The Michigan Court of Appeals has held that unpaid discovery sanctions imposed against a party prior to the case evaluation hearing are still enforceable despite the parties’ acceptance of the case evaluation award. Brown v Farm Bureau Ins (Docket No. 331893), unpublished opinion per curiam of the Court of Appeals, issued March 28, 2018.

Relying on the Supreme Court’s opinion in CAM Constr v Lake Edgewood Condo Ass’n, 465 Mich 549; 640 NW2d 256 (2000), the defendant argued that once the parties accepted the case evaluation award, all claims in the action were resolved, which defendant interpreted as including the pending discovery sanctions. The plaintiff argued, however, that the sanctions were not a part of the “claims” presented in the case, but rather were a punishment to defendant for violating the court’s discovery order, and were not disposed of upon acceptance of the case evaluation award. For that reason, argued plaintiff, the pre-CAM Construction case of Merit Mfg; Die v ITT Higbie Mfg Co, 204 Mich App 16; 514 NW2d 192 (1994) (holding that court-ordered discovery sanctions awarded prior to mediation are distinct from the mediation award), was controlling.
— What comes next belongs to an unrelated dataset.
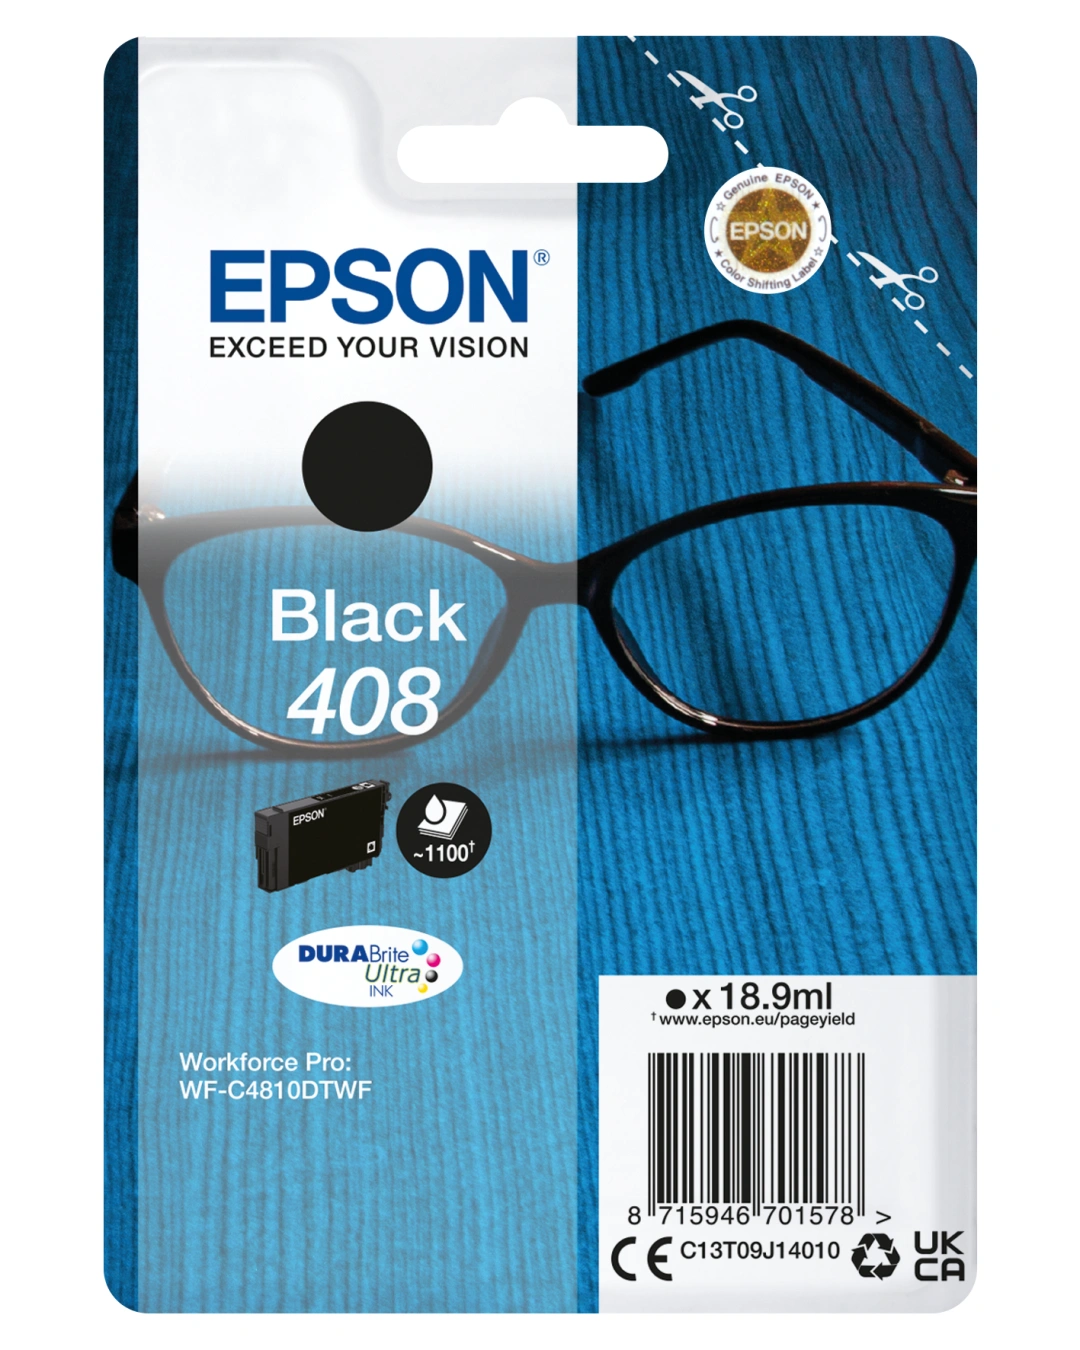 Epson Black 408 DURABrite Ultra Ink

In agreeing with plaintiff, the Court of Appeals made an important distinction between sanctions sought pursuant to the no-fault act (such as an award of attorney fees under MCL 500.3148) and Section 2591 of the Revised Judicature Act of 1961 (regarding frivolous actions or defenses), which would not be permitted once the parties resolved the case via case evaluation, see Larson v Auto-Owners Insurance Company, 194 Mich App 329; 486 NW2d 128 (1992), and sanctions imposed to vindicate the authority of the court.